|The Problem – Physical Therapy Documentation has so much information it was hard for users to find what they were looking for.|
The Solution – Develop a familiar, fast, and rich navigation system that allows users to think physical therapy documentation and not where to find what they are looking for.
Accounting for so many possibilities, physical therapy documentation has been a tough nut to crack entering the Electronic Health Records (EHR) age.
There’s been three solutions up until now…
- Writing everything down by hand or typing everything into a freeform template; which is fluid, but slow and doesn’t allow for reviewing data quickly.
- The theme was to cram as many check boxes and dropdowns on the screen as possible. There are potentially many interconnected parts of the document in a form documenting a visit; therefore, this becomes unmanageable and slow.
- Finally, the most popular approach was to collect data in different windows, that would allow for rich, complete entry, but is very slow to load and hard to navigate.

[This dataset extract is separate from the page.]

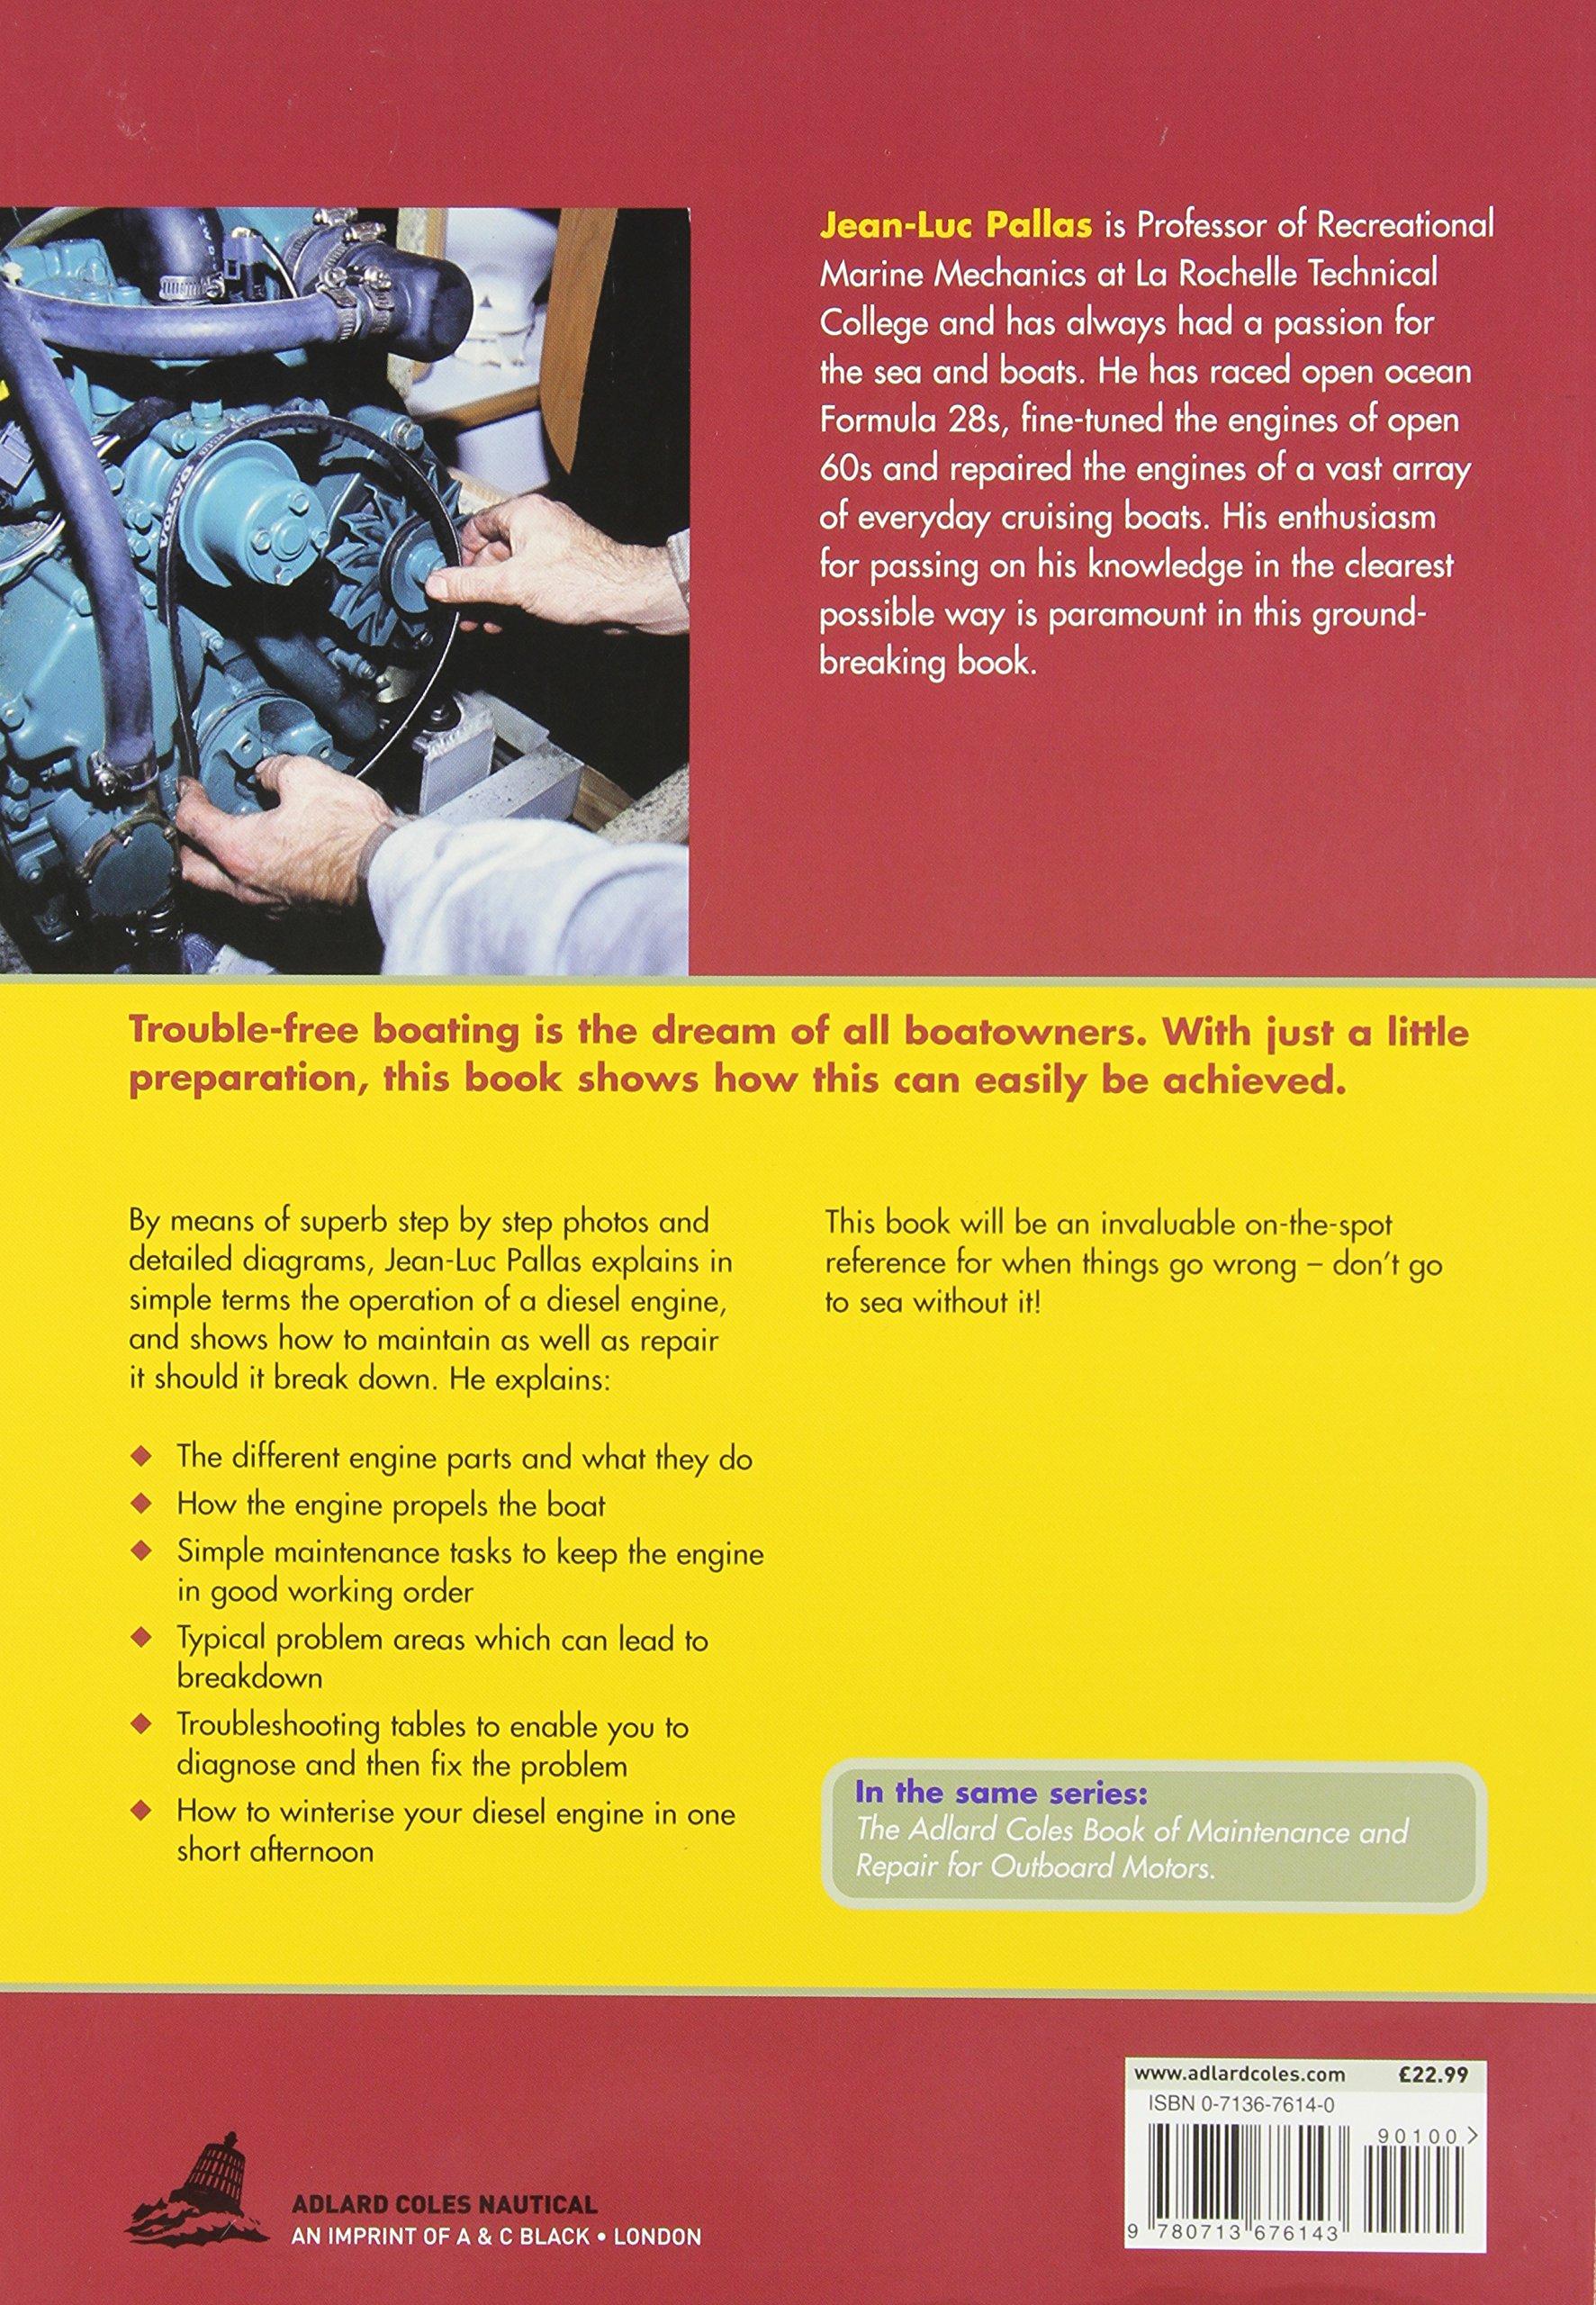 Maintenance and Repair Manual for Diesel Engines (Adlard Coles Book of):  Jean-Luc Pallas: 9780713676143: Amazon.com: Books

When approaching this problem to design our new Documentation Suite for physical therapy, I used inspiration from modern interface design for various business programs that need many options (like cash registers) and shopping websites, because retailers use visual design to find the buttons the user is looking for. What resulted is a navigation scheme that allows the user to very quickly hop between sections.
Any user that’s browsed news or shopped online will instantly recognize this navigational scheme. There’s a limited top level menu, which makes it easy to break a large selection of options into smaller subsets. The subsets are then present in a thematic order, sub-section by sub-section that fits the flow of a common patient visit to a physical therapist. In cases that are unique, the users frame of reference and clarity of the menu system, will allow the user to quickly scan. In less time, the user will have the system queued to memory.
This sidebar is the main way to navigate through top level sections. At the very top, the most essential tool is a drop down selector that allows you to choose the type of note. The note selector has options for various visit types. When a type of note is selected, small nuances about the note are changed and loaded. In an instant, the user’s previous initial evaluation becomes their next daily note or reevaluation.
Much of the form is loading in the background, so when the user clicks, she won’t be waiting 15-30 seconds for sections to load. When she clicks on a section for the first time, it will load the rest of the data, and then stay in memory as she navigates. This means very fast loading as she enters sections, and no loading as she hops back and forth between sections. Instead of the user waiting for windows to load, we wanted to make sure everything would be in view, but not in the way.
A simple click hides the previous, and shows the section of the user’s choice. No new windows open up for the documentation. If she needs two things at once, it’s quick to move between sections, she won’ be rearranging windows or using her operating system to switch between them. Items in need are within an easy, quick reach.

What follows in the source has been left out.